44:35With going from jQuery to React and React freed up, uh, freed us up
44:40from having to think about how to render the views in the correct way.
44:45And now we get the same thing for data.
44:48So this is beautiful.
44:50Now, yeah, talking, talking to younger developers, like sometimes
44:53I mentioned jQuery and I'm like, Oh wait, they've probably don't jQuery is.
44:59And it's just a very weird feeling to be like, Oh, yeah, just jQuery
45:02thing it was like this and they're just like, yeah, okay, whatever like
45:05yeah It'd be it'd be really amazing if like apis was the same thing.
45:08Like yeah, we used to like You'd write like an HTTP method and then you sort
45:15of like make up a name that sort of meant something and then you like how
45:20to like remember to like write it all the same thing and your client you know
45:24you're like it's not a post it's it's a put and you have to like no typos and
45:29they're like that's it's like a lot of tedious, fragile, annoying code to write.
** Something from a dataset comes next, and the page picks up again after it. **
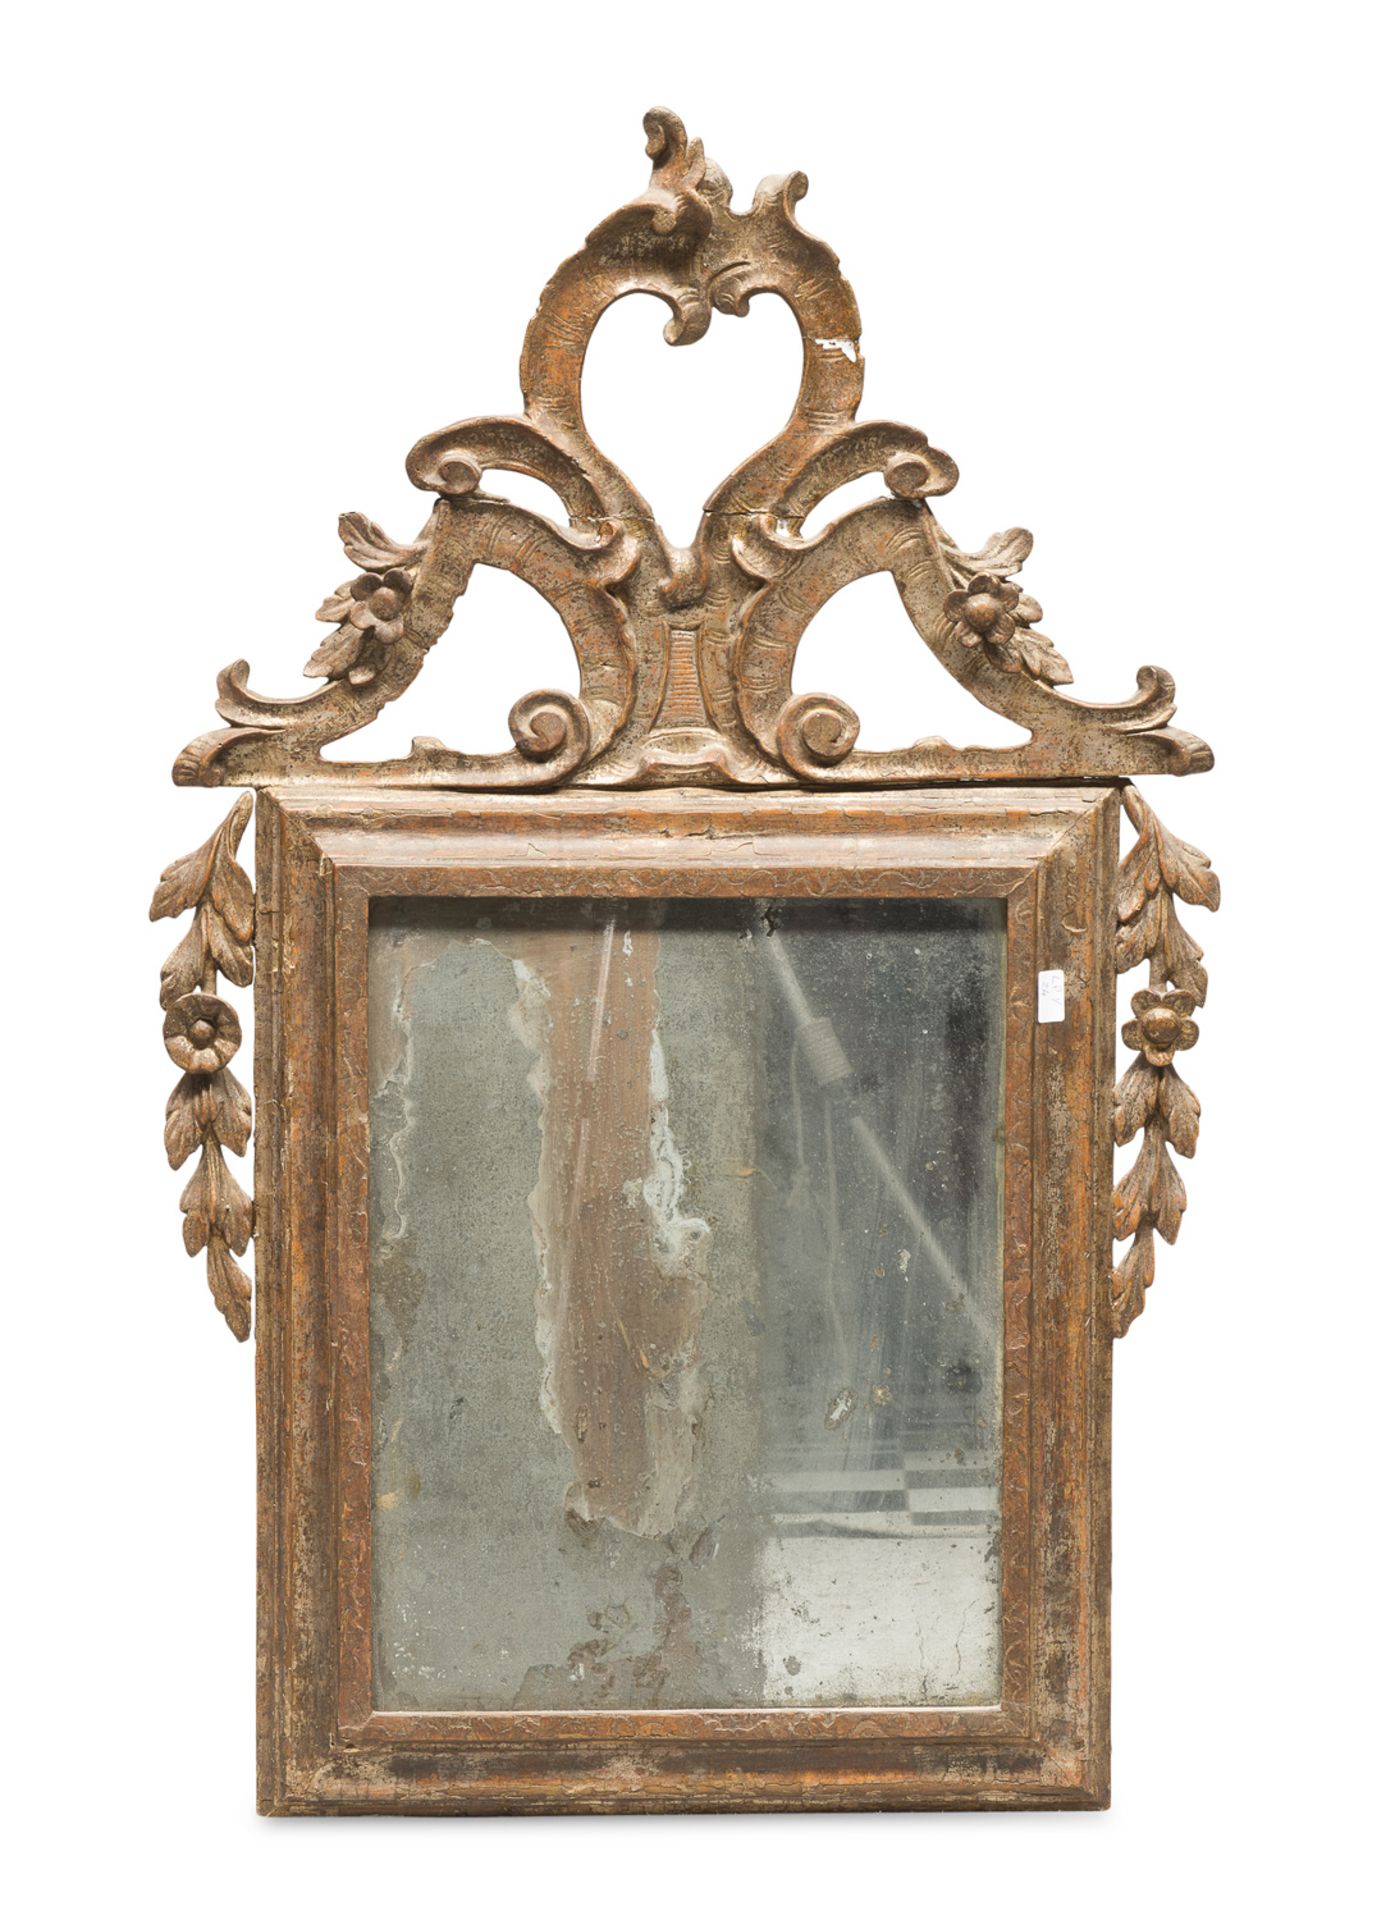 SMALL MIRROR IN GILTWOOD CENTRAL ITALY 18th CENTURY

45:35And you're like, yeah, it was, it sucked.
45:37And they're like, I just used like the library and I just sort of typed stuff
45:40and like, you know, Copilot v10 just sort of like spits out whole, whole, whole
45:45stuff, you know, cause it just introspects on my whole data system and like writes
45:48out super efficient stuff for me.
45:49And yeah, I, I, I'm very big on like, you know, getting rid
45:53of work we don't have to do.
45:55Um, and I think there's a lot left in programming that you
45:58really shouldn't have to do.
Outro
46:00Let's leave it here.
46:01Anything you want to share with the audience?
46:04Have fun, build cool stuff.
46:06That sounds great.
46:06Kyle, thank you so much for coming on the podcast.
46:09This was a lot of fun.
46:10Yeah, it was a lot of fun.
46:12Thank you for listening to the localfirst.fm podcast.